Discrete Trial Training
What?: Discrete trial training is a one-on-one teaching strategy that teaches a new skill in a structured and controlled setting. Each trial has a defined start and end point (hence discrete).
Why?: Discrete trial is all about repetition and reinforcement. You want to present multiple trials and provide immediate reinforcement for correct responses. The idea is the more times the correct response is reinforced, the quickly the learning will occur.
What?: Fluency is accuracy plus speed. We want our learners to have skills that can be produced quickly and correctly. A fluency program looks at the rate of performance – how many responses can the student produce within a specific amount of time.
Why?: Fluency is all about being functional. We live in a fast paced world. Nobody is waiting behind you in the grocery store while you painfully count out each an every coin to pay your bill. We want the skills we teach our students to be second nature. Fluency builds that.
In a perfect curricular world, we need both. Using Discrete Trial Training to teach a new skill and then use Fluency Instruction to make that skill functional. Don’t linger in Discrete Trial too long we want to make sure the student is not relying on reinforcement for every response. Let’s run through a sample skill set and see how this would look in a classroom setting. Let us the example of teaching Expressive Color Identification.
Start with a specific set of color options. Never pick only 2 options. They will have 50% chance of getting the answer correct! I like to use 3-5 options depending on the student. Make sure you use multiple exemplars. Don’t use only type of blue. Use a range of blue shades, shapes, and depictions of the stimuli.
The teacher will present the color and say, “What’s this?” If the student answers correctly, provide immediate reinforcement for the response. If they answer incorrectly, provide error correction.
I write out the complete program script and staff expectations. This is essential when you are having paraprofessionals run a program like this. Lay out exactly what should be done and said. Also, lay out the order you will be introducing new stimuli. Be sure to include discrimination trials. Once you have two sets of colored mastered, next include a set of all colors
within both sets.

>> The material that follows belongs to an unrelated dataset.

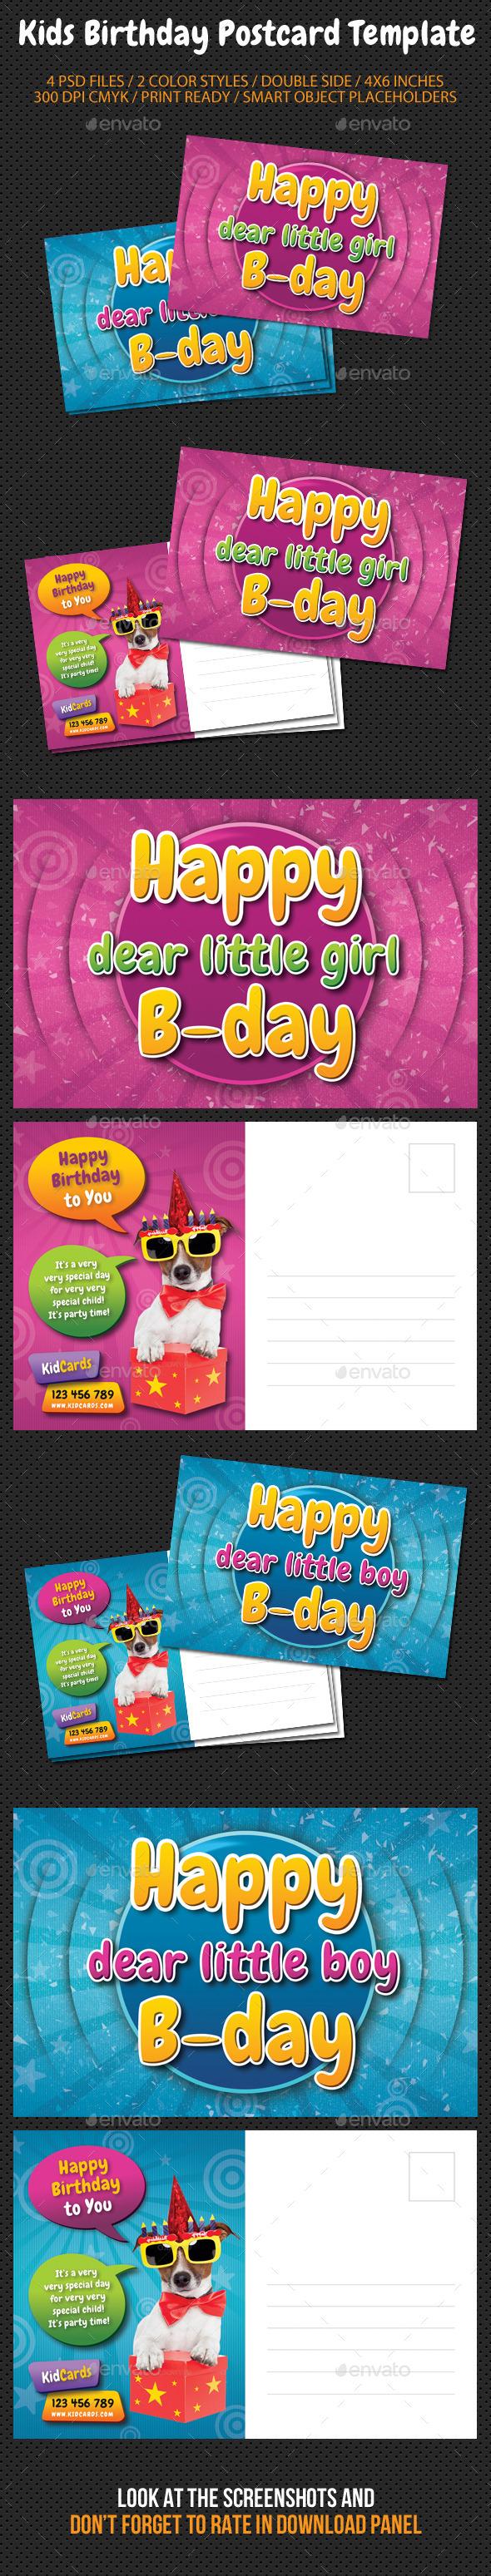 Kids Birthday Postcard Template - Birthday Greeting Cards

Also include mastery criteria.
Here is what a sample data sheet would look like:
Once one set has been mastered, move to fluency instruction. Start with a short time period if fluency instruction is new for your student. Begin the timer, scroll through the flashcards, put corrects in one pill, and incorrects in another pile. Count up the piles when you are done and fill in the data sheet. Easy peasy.

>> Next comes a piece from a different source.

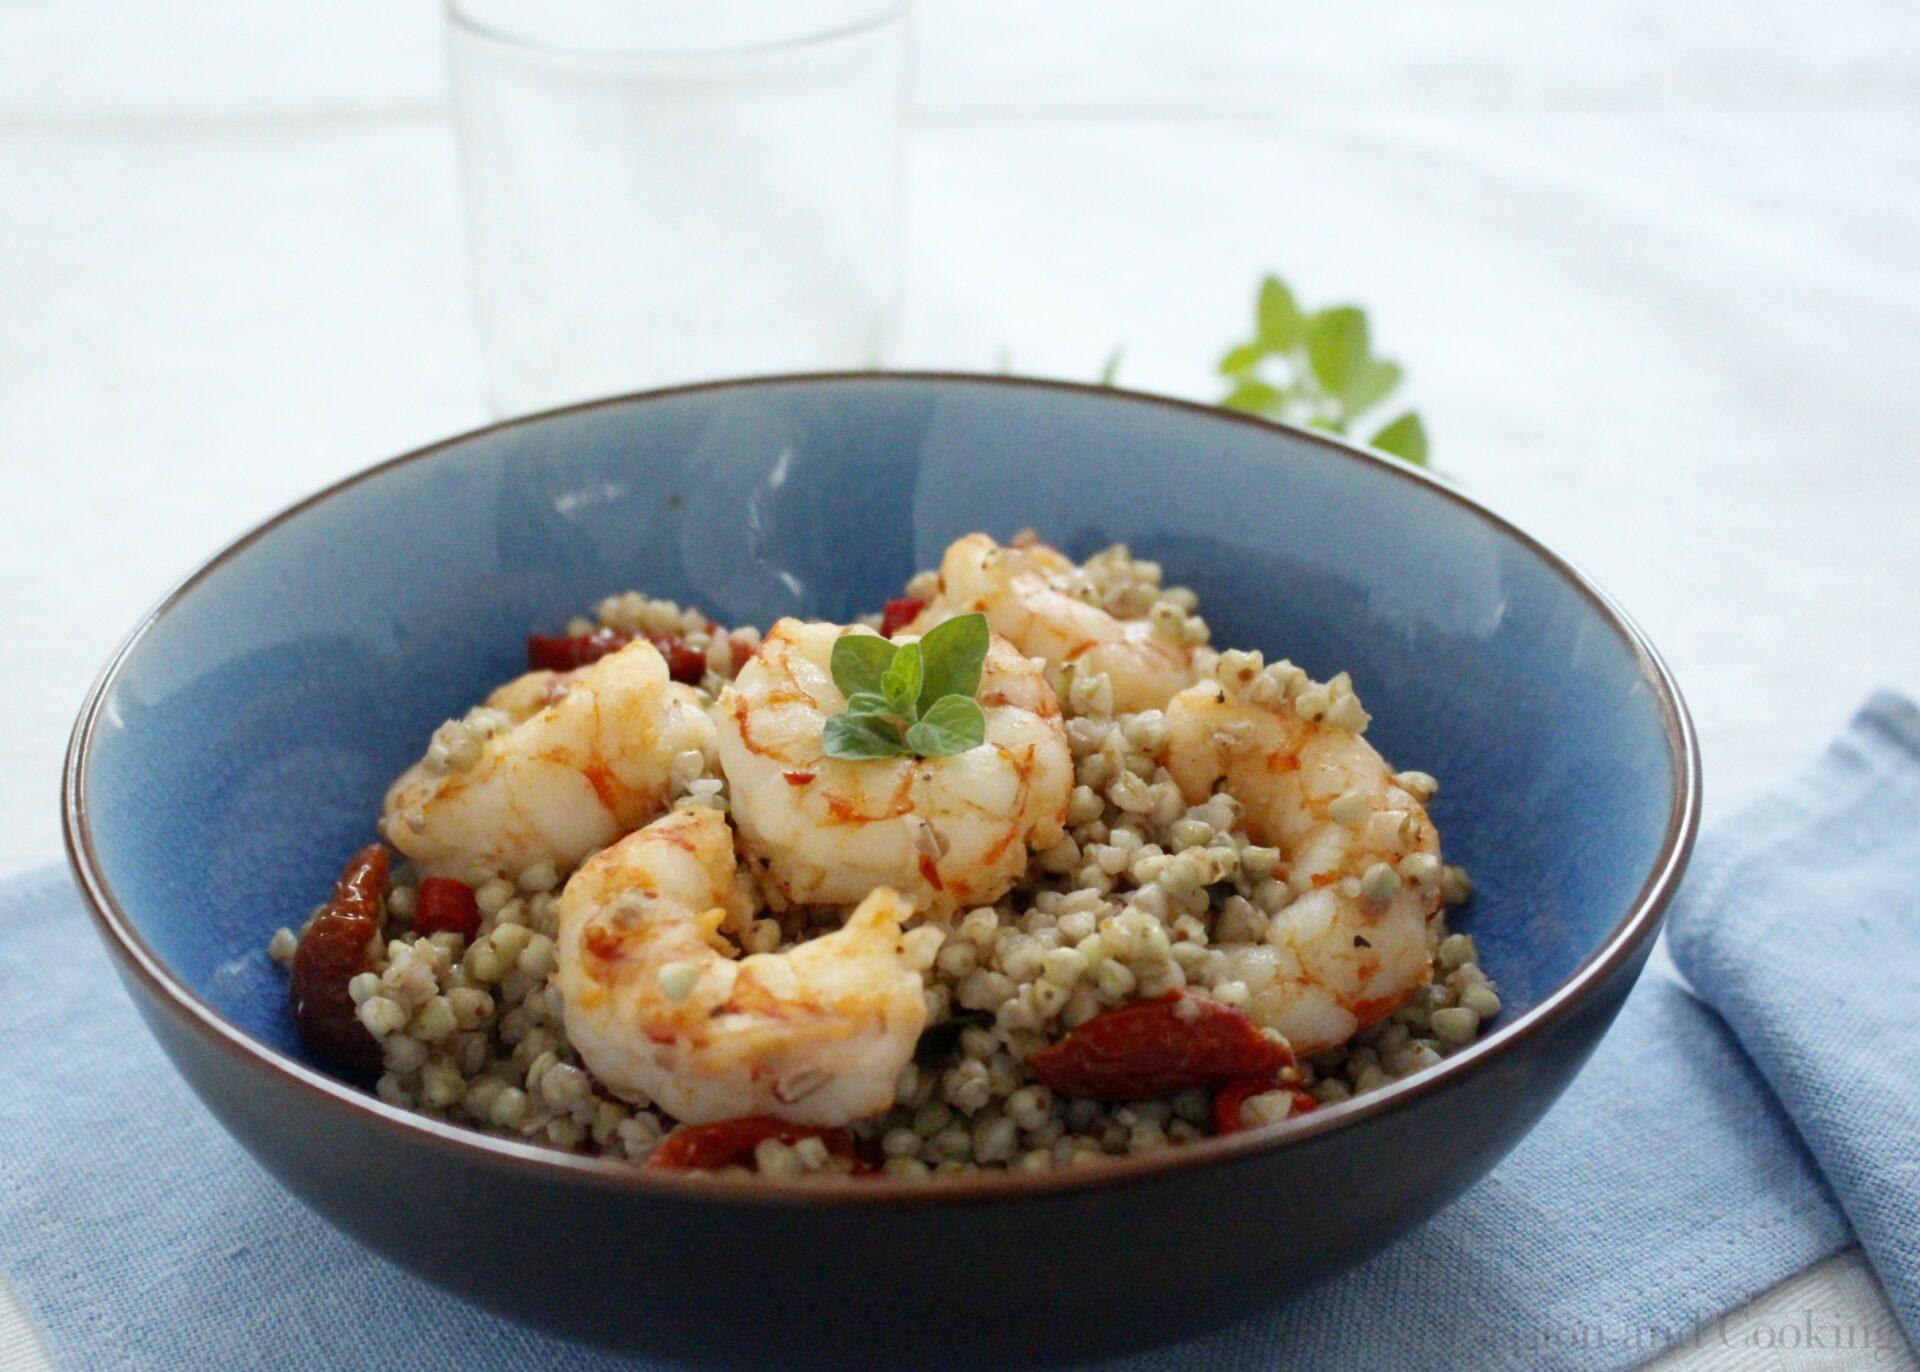 Buckwheat salad with prawns

Fluency instruction makes it easy to compare data and gives the most information. You know how many they got correct and in how long. Percentage, consecutive opportunities, etc, doesn’t tell us all that. If we say a student can identify letters with 90% accuracy – what does that really mean? How many letters? How long does it take them? Taking 2 minutes to identify each letter is not functional and will not pave a yellow brick road toward reading. If we say a student can identify 20 letters minute – that gives us a ton more information. Fluency instruction is a classroom must have. It’s easy to run, relatively easy to set up (check out my fluency mega pack), and is perfect for a paraprofessional to run.